<PAGE> 1
As filed with the Securities and Exchange Commission
on June 14, 2000
Registration No. 333-______
================================================================================
SECURITIES AND EXCHANGE COMMISSION
WASHINGTON, D.C. 20549
FORM S-8
REGISTRATION STATEMENT UNDER THE SECURITIES ACT OF 1933
KERR-MCGEE CORPORATION
(Exact name of registrant as specified in its charter)
Delaware 73-0311467
(State or other jurisdiction of (IRS Employer Identification No.)

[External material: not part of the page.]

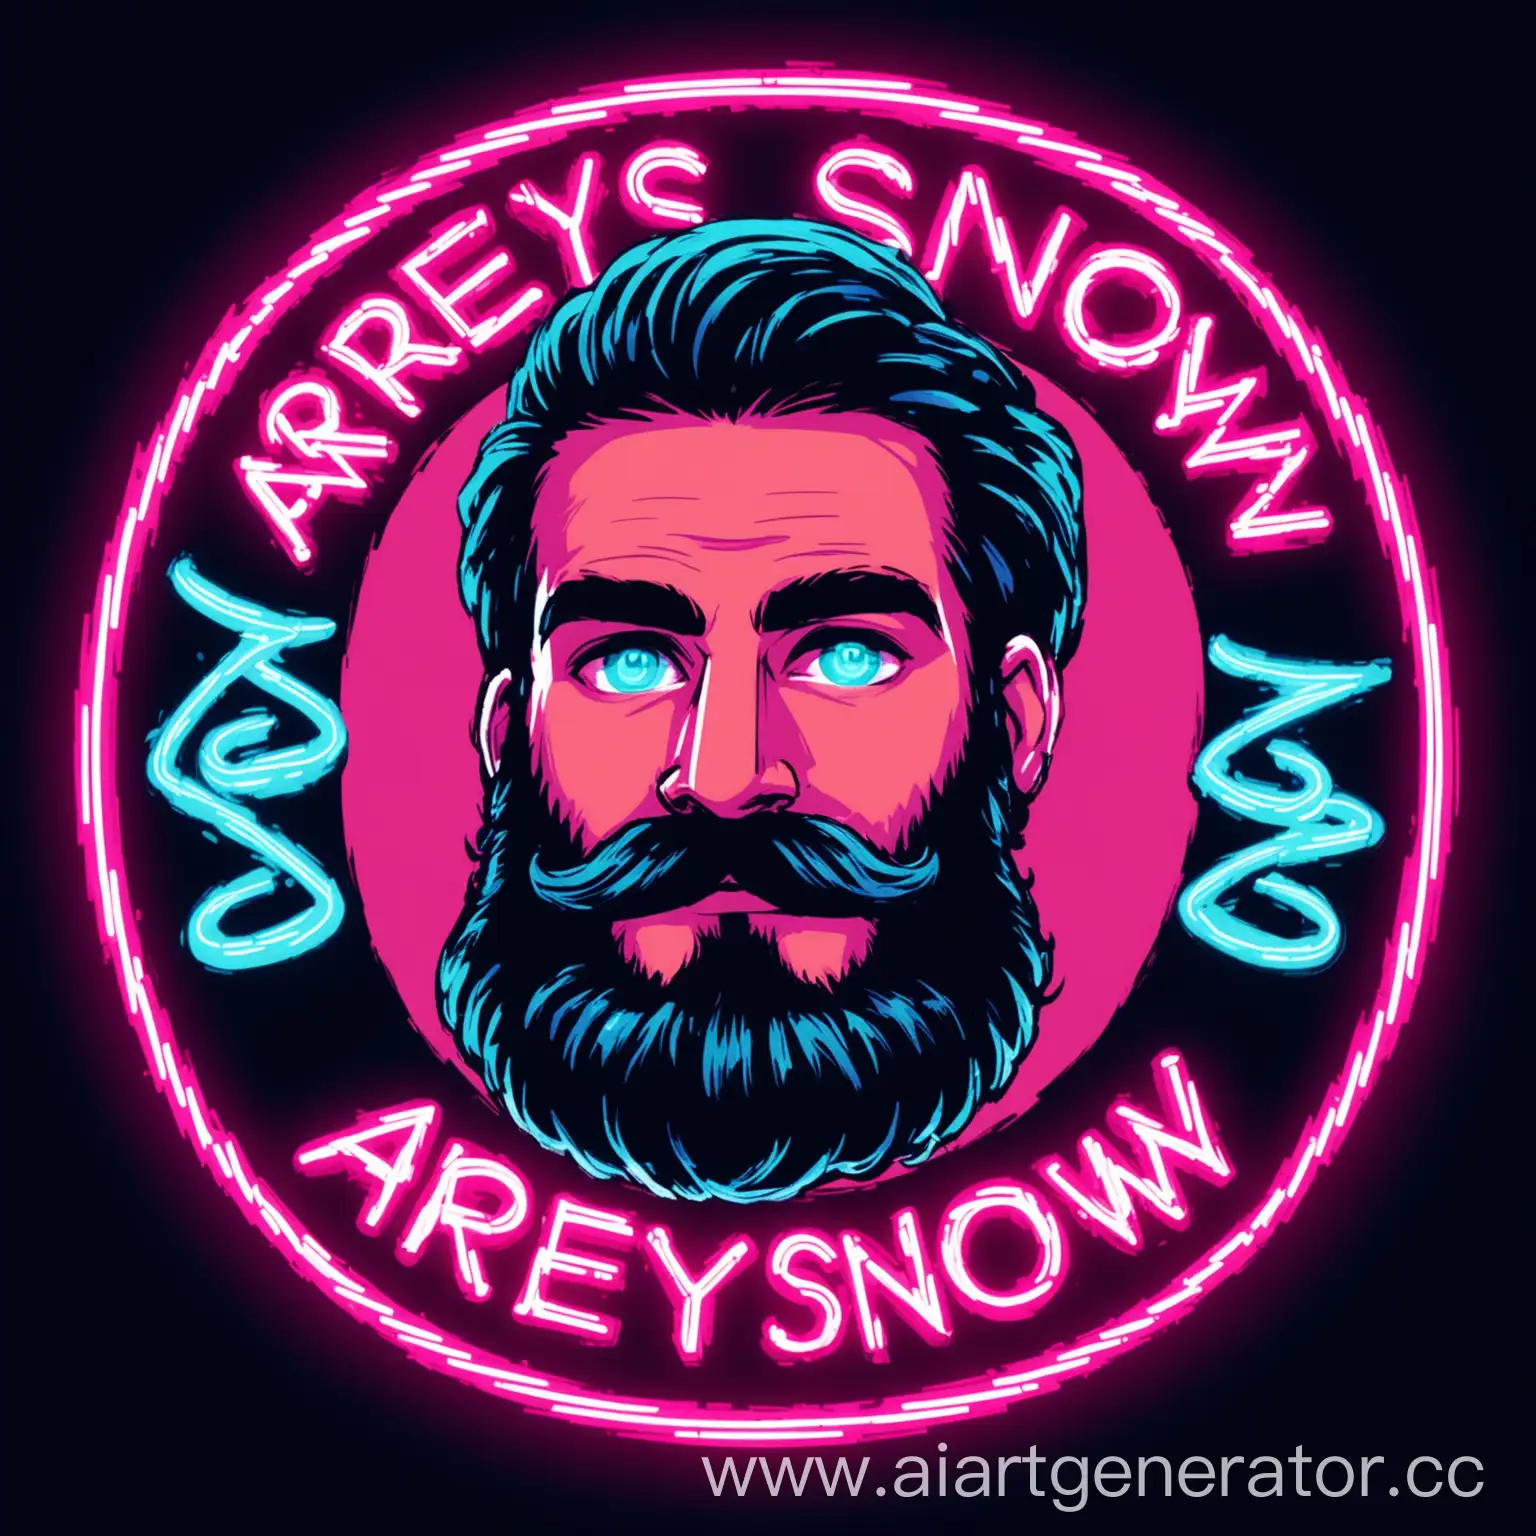 Neon-Round-Logo-with-Young-Bearded-Man-and-AreySnow-Inscription

incorporation or organization)
Kerr-McGee Center
Oklahoma City, Oklahoma 73125
(405) 270-1313
(Address, including zip code and telephone number, including
area code of registrant's principal executive offices)
----------
KERR-MCGEE CORPORATION 1998 LONG TERM INCENTIVE PLAN
(Full Title of the Plan)
Luke R. Corbett
Kerr-McGee Corporation
Kerr-McGee Center
Oklahoma City, Oklahoma 73125
(405) 270-1313
(Name, address, including zip code, and telephone number,
including area code, of agent for service)
----------
CALCULATION OF REGISTRATION FEE
<TABLE>
<CAPTION>
Proposed
Proposed Maximum
Title of Securities Amount To Be Maximum Offering Aggregate Offering Amount of
To Be Registered Registered Price Per Share Price Registration Fee
------------------- ------------ ---------------- ------------------ ----------------
<S> <C> <C> <C> <C>
Common Stock,
$1.00 Par Value
Per Share(a) 2,300,000 shs $60.3125 $138,718,750(b) $36,621.75(b)
</TABLE>
(a) Includes stock purchase rights associated with the Common Stock. (b)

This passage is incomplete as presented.